The differential diagnosis for NMCs of the upper aerodigestive tract includes other undifferentiated malignancies including undifferentiated carcinomas and poorly differentiated squamous cell carcinomas. It includes pediatric small blue cell tumors (e.g., primitive neuroectodermal tumor, rhabdomyosarcoma, desmoplastic small round cell tumor, etc.), melanoma, olfactory neuroblastoma, high-grade hematologic malignancies, endocrine carcinomas and other undifferentiated or poorly differentiated carcinomas including sinonasal undifferentiated carcinomas and EBV-driven non-keratinizing squamous cell carcinomas which occur most frequently in the nasopharynx.
Identification of clear-cut epithelial differentiation rules out many of the tumors in the differential diagnosis, although one should remember that some mesenchymal tumors can rarely show immunoreactivity with antibodies to epithelial antigens, e.g., olfactory neuroblastomas and primitive neuroectodermal tumor [25, 26]. For tumors without obvious differentiation seen histologically, immunohistcochemistry can be used. Epithelial differentiation can almost always be demonstrated for NMCs with a pankeratin immunococktail. Obviously, negative results for other antigens such as S100 protein, CD45, muscle antigens, neuroendocrine antigens, germ cell antigens, are also helpful. p63 immunoreactivity is also helpful as it points toward squamous differentiation. It should be remembered, however, that p63 is also expressed by salivary gland tumors that have myoepithelial differentiation such as myoepithelial carcinomas and adenoid cystic carcinomas and that these tumors can appear undifferentiated, especially in small biopsy specimens [27, 28]. Using antibodies to other myoepithelial antigens, such as smooth muscle actin, may be helpful to exclude some salivary gland-type carcinomas. Reactivity with antibody to p63 may make some diagnoses, such as SNUC or pituitary adenoma less likely .
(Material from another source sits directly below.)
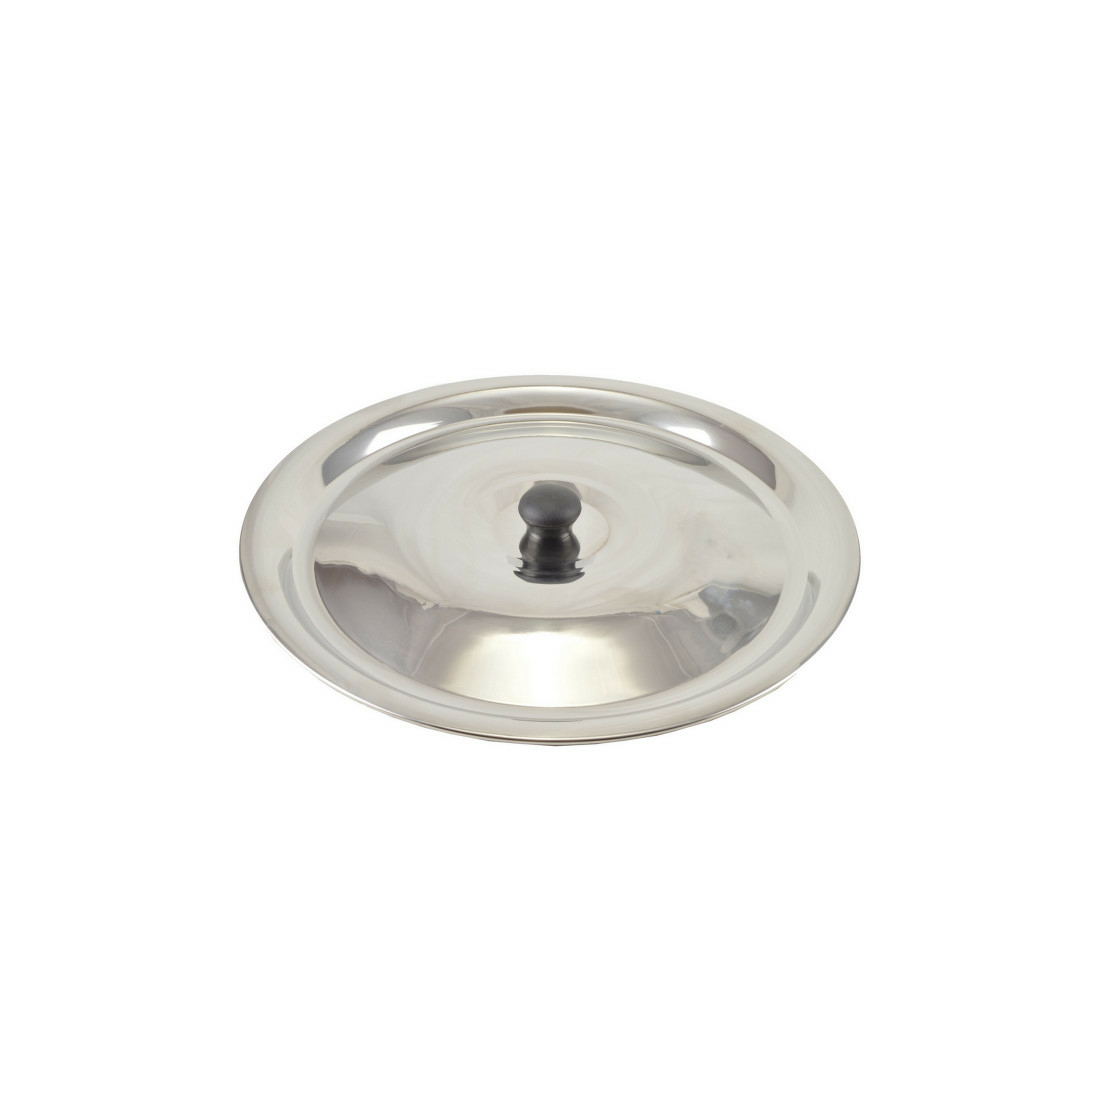 Bográcsfedő inox 20-25 liter

NMCs have not been shown to be associated with carcinoma-related viruses such as EBV and HPV . In situ hybridization for these viruses can be used and the identification of the viruses virtually excludes the diagnosis of NMC. Surrogate markers such as p16 immunohistochemistry for the diagnosis of HPV-related malignancy have not been studied.
The definitive diagnosis of an NMC and the distinction of such a tumor based solely on histology and immunohistochemistry (excluding antibody to the NUT protein) is not considered possible (see above). It is unclear whether definitive distinction will be possible using the monoclonal antibody to the NUT protein alone although the early results, reported above, appear good. It is also unclear whether such a distinction is necessary in general practice, other than for prognostic purposes.
There is no established treatment for NMCs. Most patients have received combination multi-drug chemotherapy and radiation. Only occasional cases have undergone subsequent resection. Of the patients with adequate follow-up in one series, all but one (15/16) have died of disease with an average survival time of 9 to 10 months . It is interesting to note that the single patient with an NMC in that review who had survived for an extended period of time had had a tumor of the iliac bone that had originally been diagnosed as Ewing Sarcoma and had been treated as such . A patient with an NMC of the mediastinum has since been reported alive and without disease at 34 months after his diagnosis.